Un’auto-bomba dopo
l’altra e Beirut riprecipita nell’incubo d’una vita a misura d’esplosione, con
la paura, l’apprensione, la rabbia che tornano a dividere gli abitanti. La capitale
ne risulta segnata, chiudendosi in settori ancora più marcati di quelli d’appartenenza
etnico-confessionale: cristiano-maronita sulle colline centrosettentrionali,
sunnita nella fascia centrale e occidentale, sciita nella periferia sud. Alcuni
edifici di quest’ultima area, precisamente nel quartiere di Haret Hreik, sono
stati squarciati dall’esplosione di stamane. Cinque morti e una ventina di
feriti, alcuni gravi. Soldati in strada a prestare soccorso più che a ispezionare
una situazione che scivola sempre più nell’incontrollabile. La latitanza delle
istituzioni è ben incarnata dall’intervista di fine anno del presidente del
Parlamento Berry a un giornale locale. Nel commentare l’attentato mortale a Mohammad
Chatah del 27 dicembre scorso, Berry valutava che la futura bomba sarebbe
potuta toccare alla comunità sciita, come in effetti è avvenuto. Simili esplosioni
che colpiscono vertici politici di vari schieramenti - Chatah era stato
ministro ed era vicino allo schieramento di Saad Hariri, mentre l’auto-bomba di
oggi scoppia non lontano da un luogo simbolo della roccaforte sciita:
l’emittente Al-Manar - possono rappresentare una prosecuzione del conflitto in
corso oltre il confine siriano.
La rivendicazione di
taluni attentati (quello contro l’ambasciata iraniana a Beirut di novembre da
parte delle brigate jihadiste e filo qaediste Adballah Azzam e l’ipotizzata
risposta di ambienti vicini a Hezbollah per l’azione di cinque giorni or sono)

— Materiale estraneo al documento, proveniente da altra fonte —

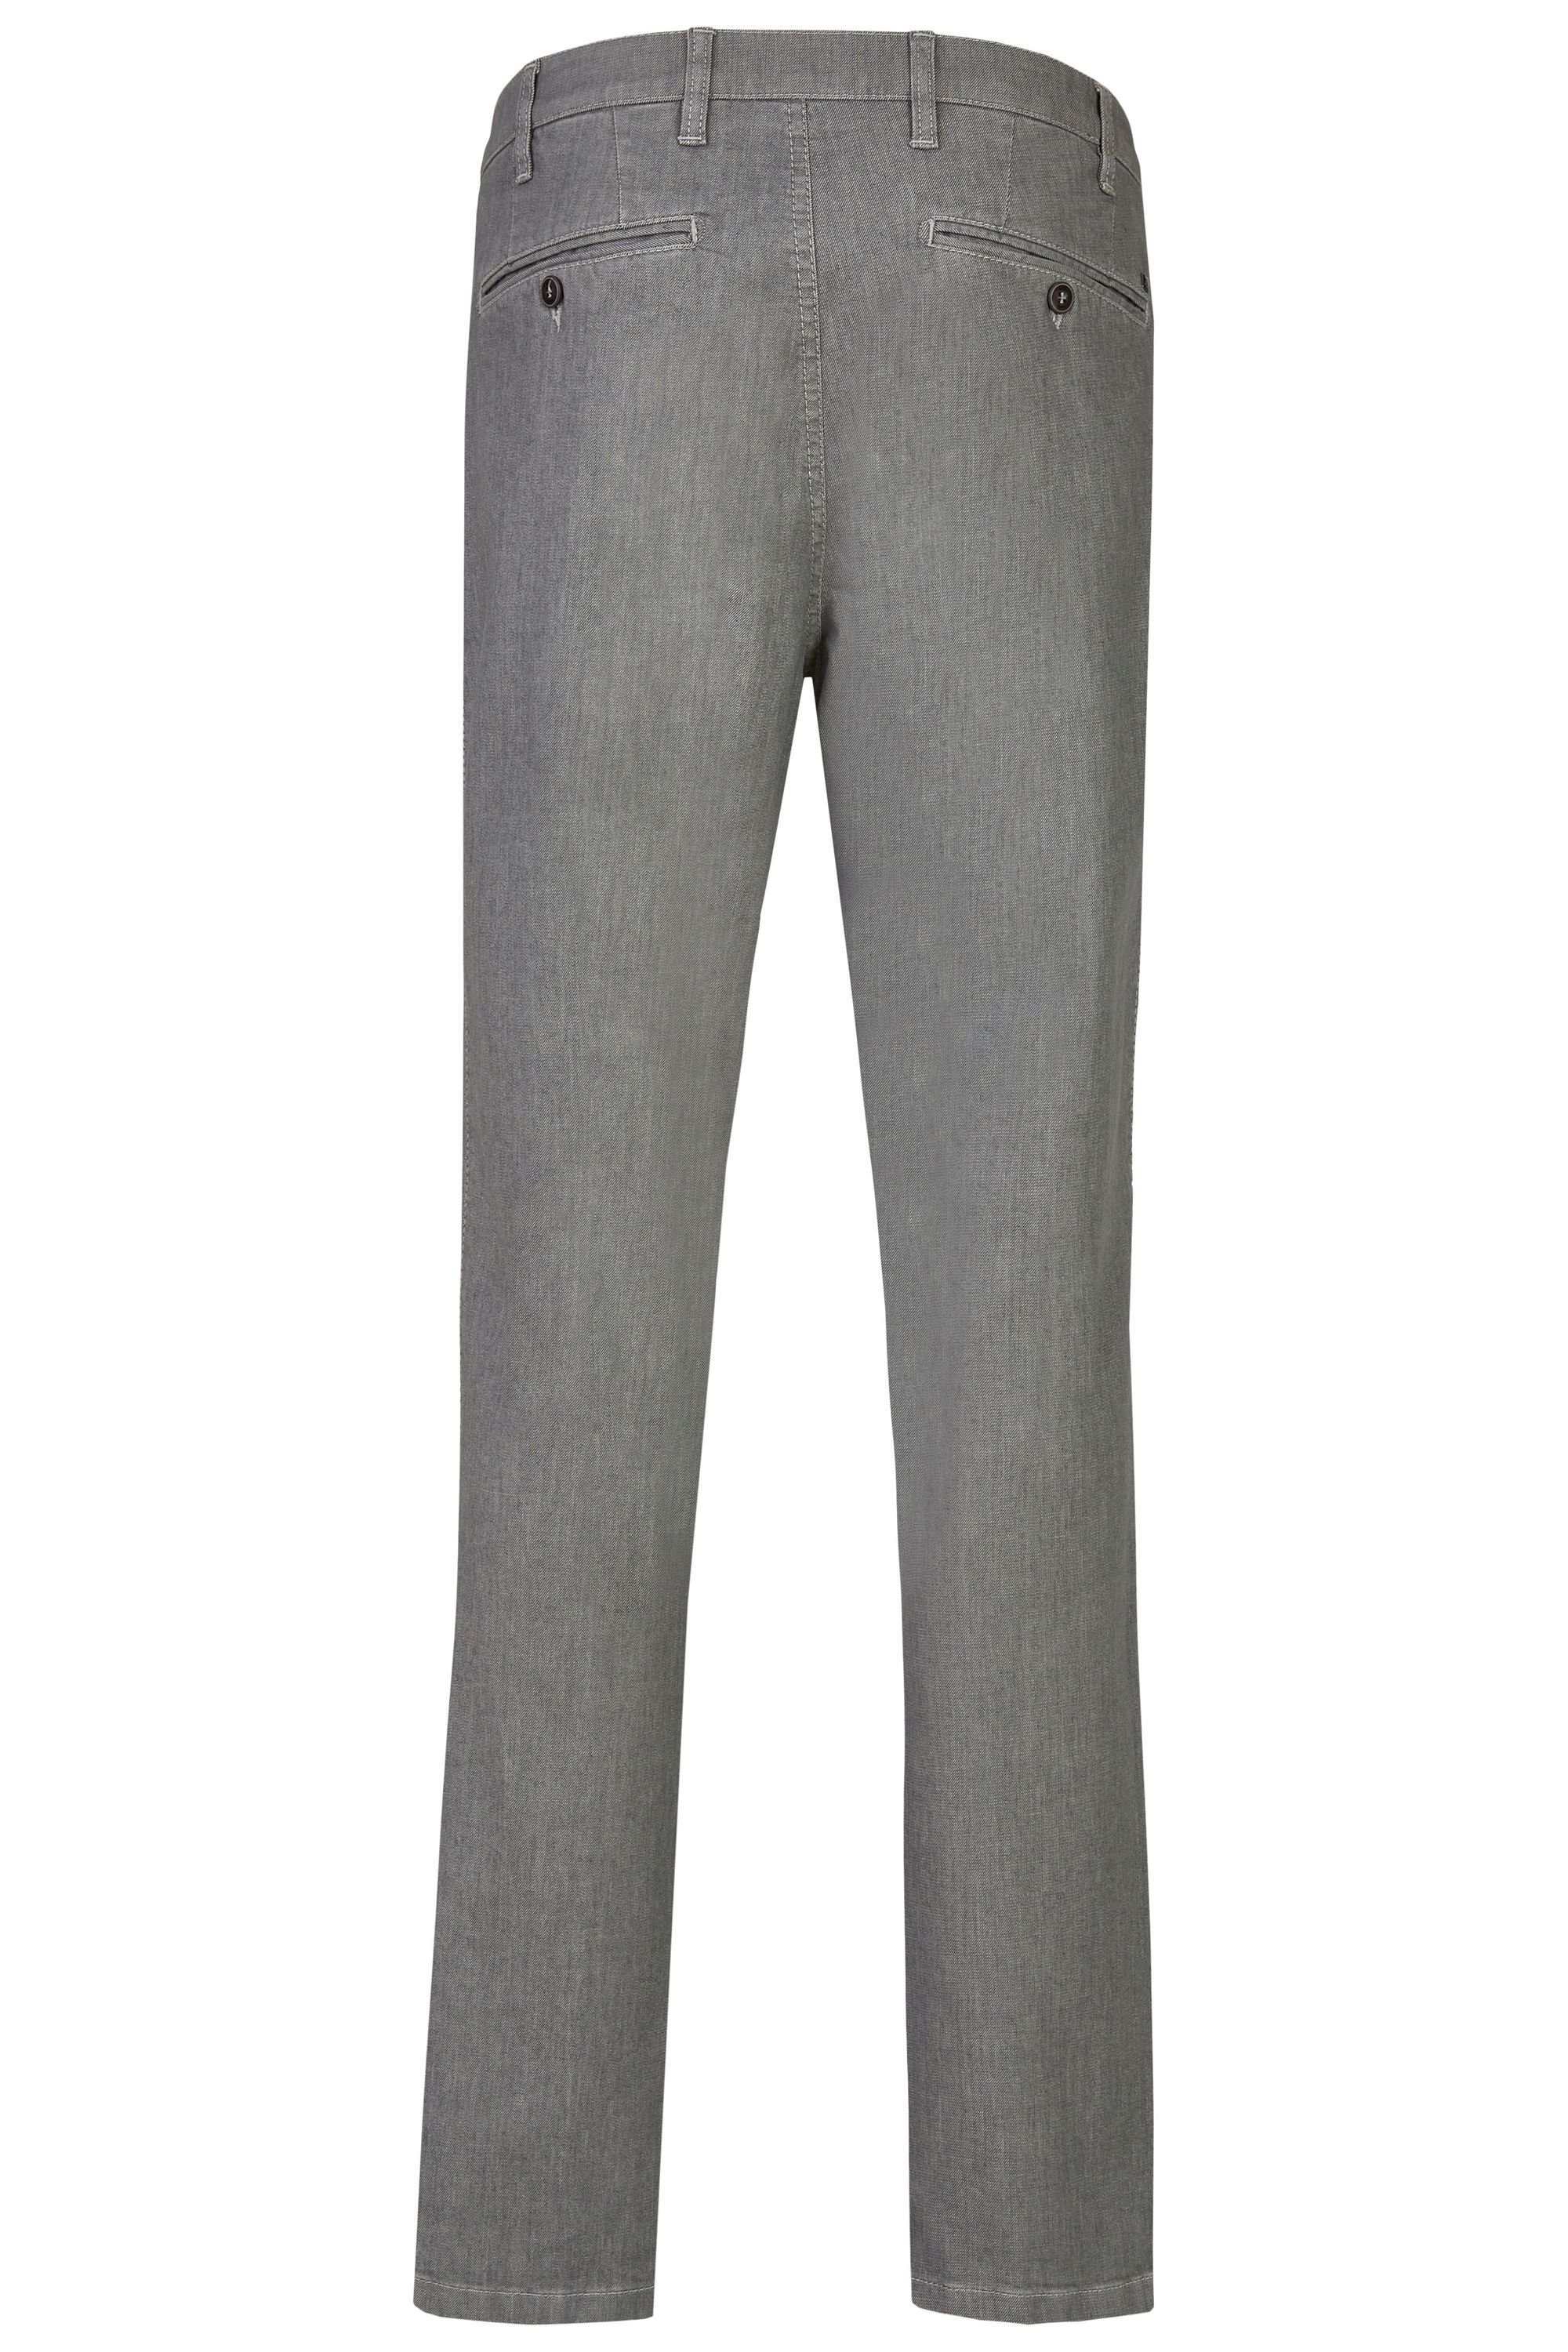 Sommer Jeans Bequeme Fit grey 577 Herren aus Jeans aubi: Flex Baumwolle aubi Perfect Stretch High Hose Modell (56)

può essere una chiave di lettura. Però usare le strade della capitale libanese,
dove vive la propria gente, come dependance dello sporco conflitto siriano
risulterebbe piuttosto sconveniente al Partito di Dio. E’ più facile che i filo
qaedisti seminino terrore fra gli sciiti del Libano piuttosto che agenti Hez
attacchino in patria gli avversari scatenando rappresaglie nemiche. L’unica
certezza è l’immobilità dell’esercito libanese, ulteriormente confermata da
questi eventi. Certo il nemico armato di auto-bomba pare inafferrabile, agisce
nell’ombra oppure s’infila negli stessi organi di sicurezza. Quest’ultimi possono
aver rilanciato la pratica del terrore che accantona altri temi politici col
fattivo contributo di svariate Intelligence (saudita, iraniana, israeliana,
siriana) che operano nella piccola ma strategica nazione mediterranea a
copertura degli interessi economici, finanziari e geopolitici di tutti questi
soggetti. Le occupazioni militari israeliana e siriana di svariati tratti di
territorio sovrano, operate fra il 1978 e il 2005, rappresentano un passato vivo
nella memoria ormai di tre generazioni.
Ma la politica reale
riporta al presente della guerra per procura che kamikaze combattono a Beirut,
mentre i fratelli jihadisti sono impegnati da Aleppo a Damasco. Dove, sul
versate opposto a difesa di Asad, combattono
anche i miliziani di Hezbollah. I rinvenuti cadaveri di loro commilitoni e in
questi giorni quello mutilato d’un proprio comandante contribuiscono a
riaccendere odi. E se qualche politico per l’attentato a Chatah aveva indicato un
rude schiaffo alla ripresa del processo agli assassini di Rafiq Hariri, di cui
sono accusati in contumacia cinque miliziani di rango del Partito di Dio, negli
odierni commenti politici all’ennesima strage interna nessuno fa più cenno a
tale ipotesi. Ogni leader sembra tremare al pensiero della debolezza d’un Paese
senza governo (Miqati è da tempo dimissionario), addirittura anche i leader
nazionalisti Gemayel (Kataeb) e Geagea (Forze libanesi) parlano di pericolo e
del bisogno di far stringere tutti i partiti a difesa dell’unità della nazione.
L’ex premier Hariri jr, dal suo autoesilio diviso fra Parigi e Riyad, ha invece
tenuto a rimarcare che l’attentato agli abitanti dell’estrema periferia sud
della capitale è diretta conseguenza del coinvolgimento nella guerra siriana
delle milizie sciite. “Interesse dei
libanesi è tenersi fuori dai conflitti regionali”. Facile dirlo dalla
propria attuale posizione, più difficile viverlo a Beirut.